Every picture should be left out, but the lines below must be repeated exactly.

# Source material
===

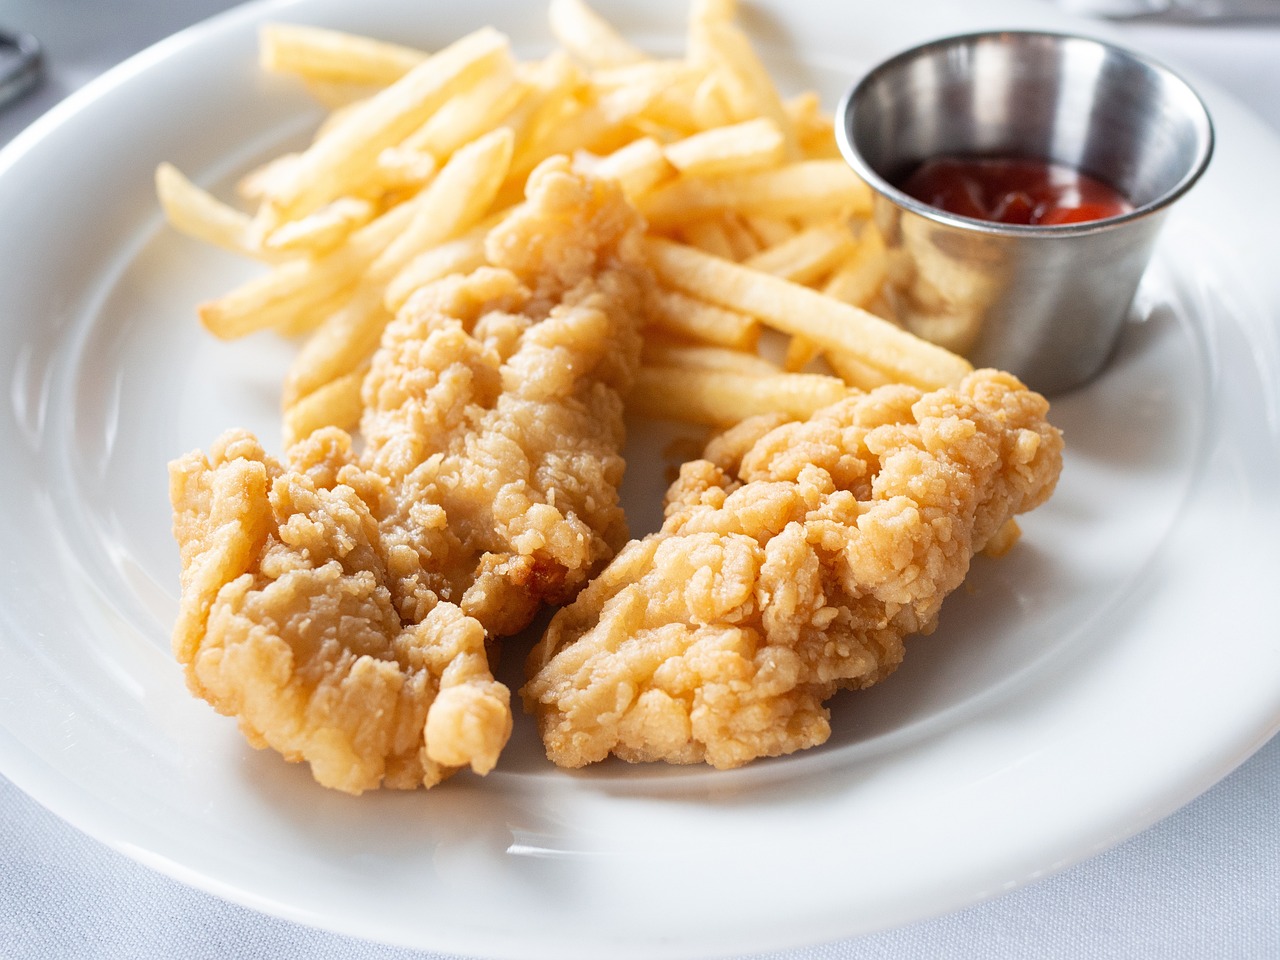 A small plate of chicken tenders and fries
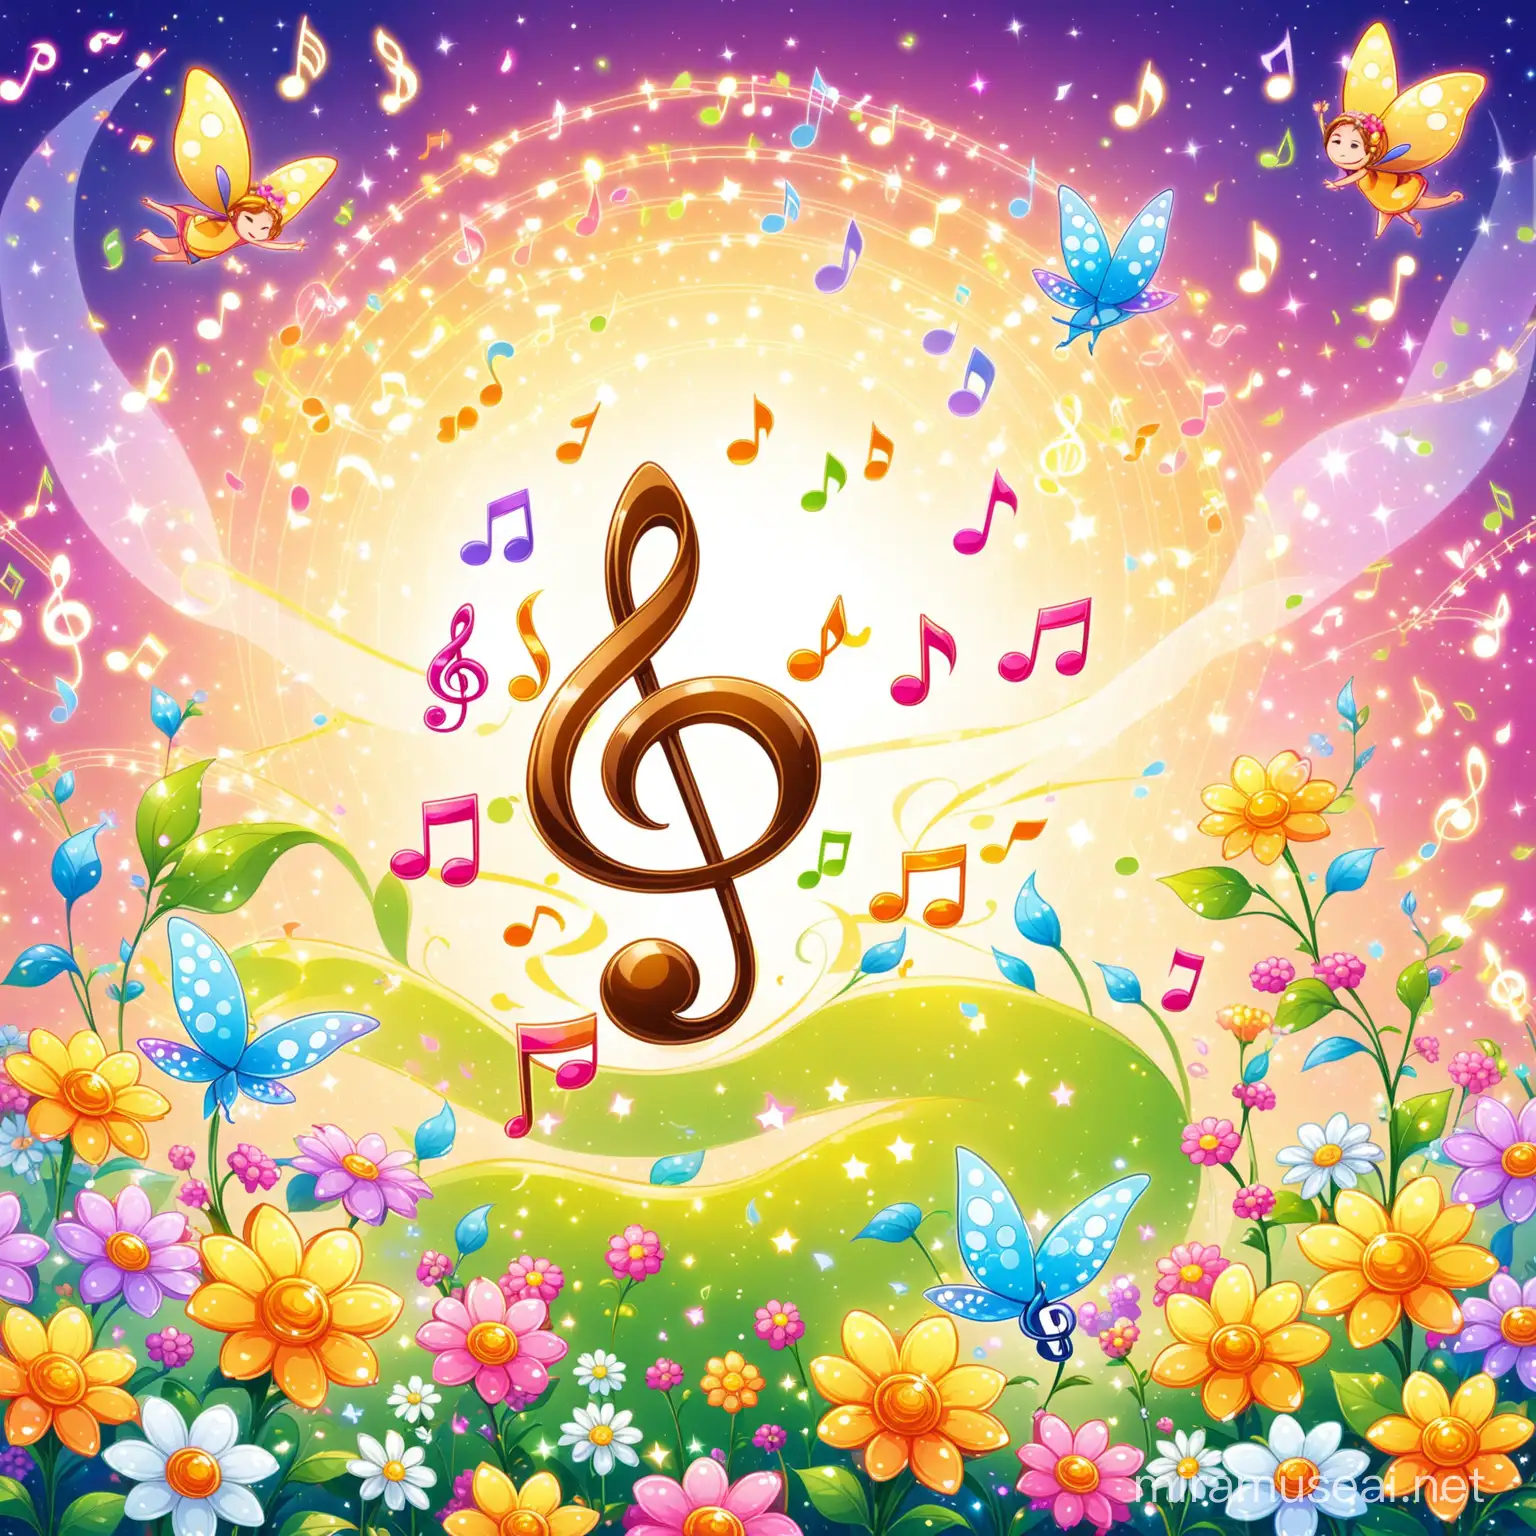 Cartoon music stave with fancy clef and notes on it. On the top - small fanny cartoon flowers with eyes and smiles and small flying fairies. Background is white 
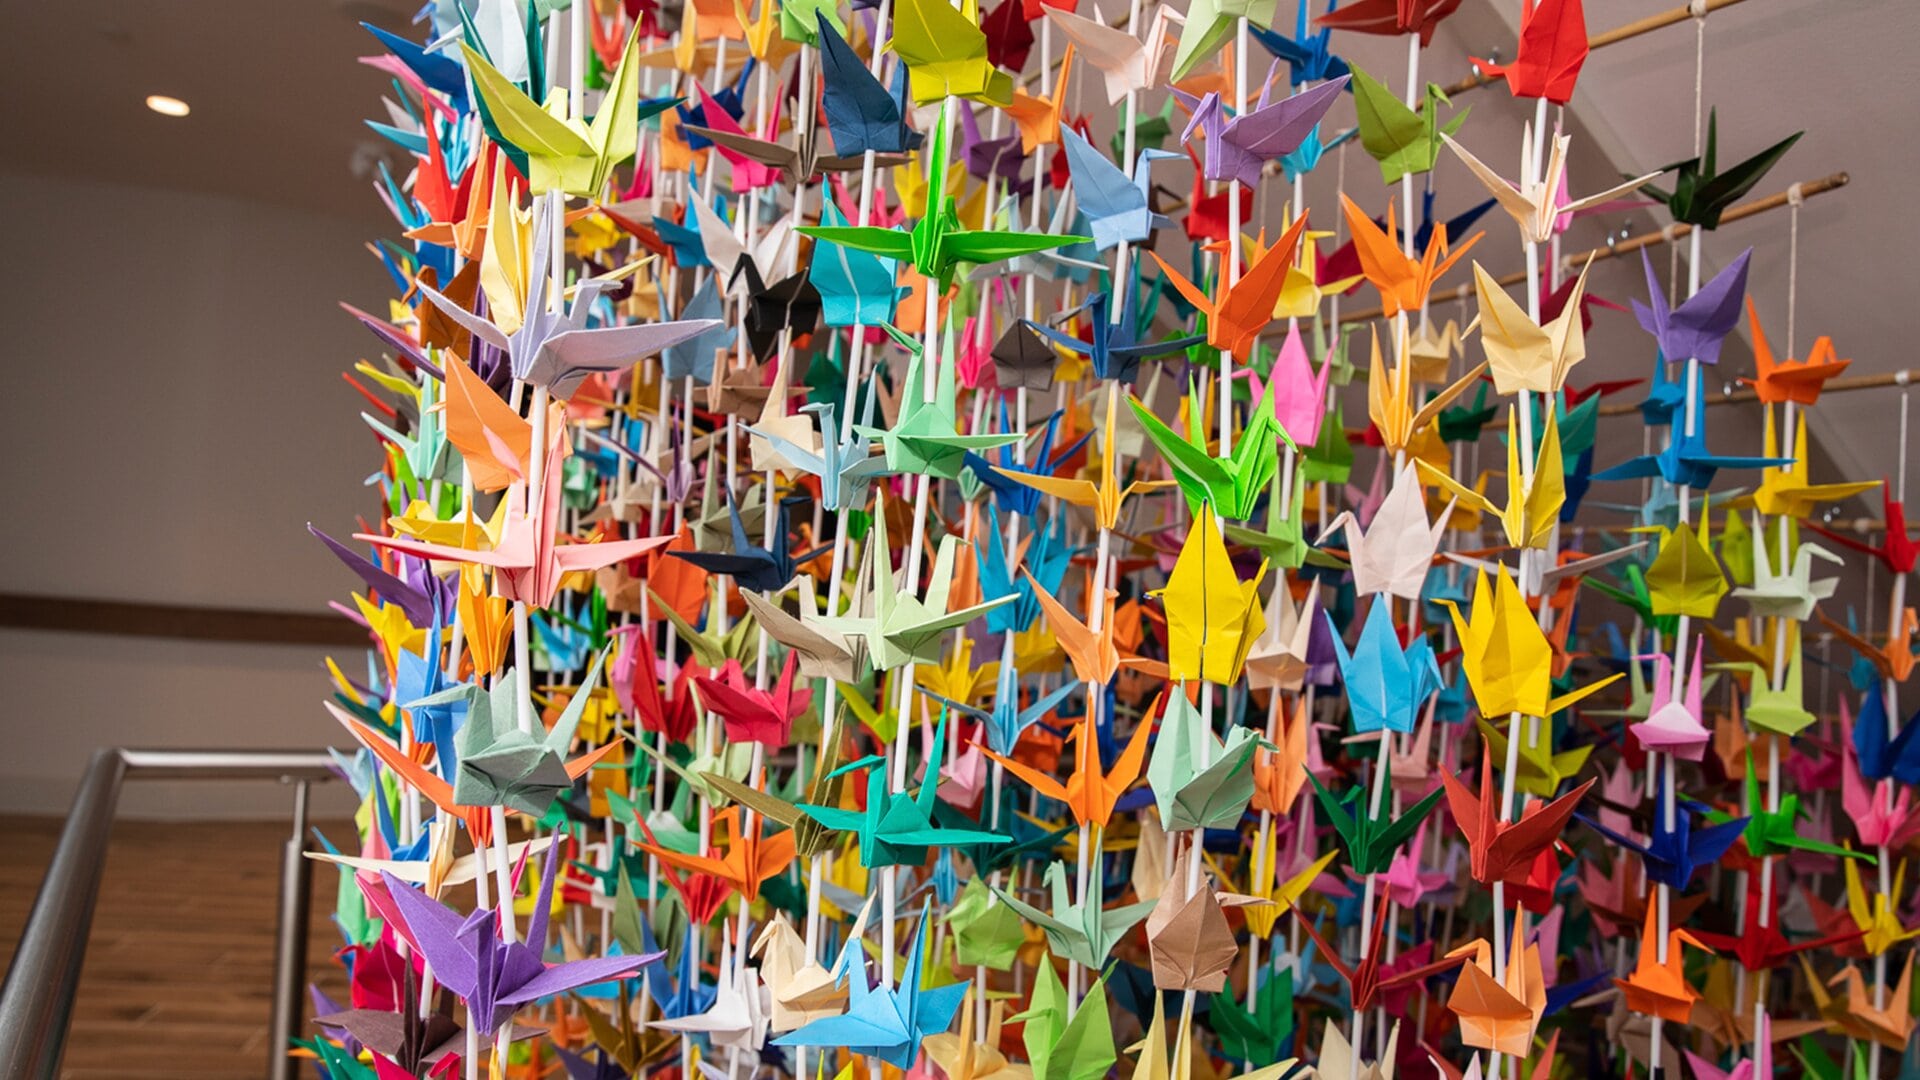 Hanging artwork made of origami birds in a rainbow of colours

===

# Result for this task
 A small plate of chicken tenders and fries
 Cartoon music stave with fancy clef and notes on it. On the top - small fanny cartoon flowers with eyes and smiles and small flying fairies. Background is white 
 Hanging artwork made of origami birds in a rainbow of colours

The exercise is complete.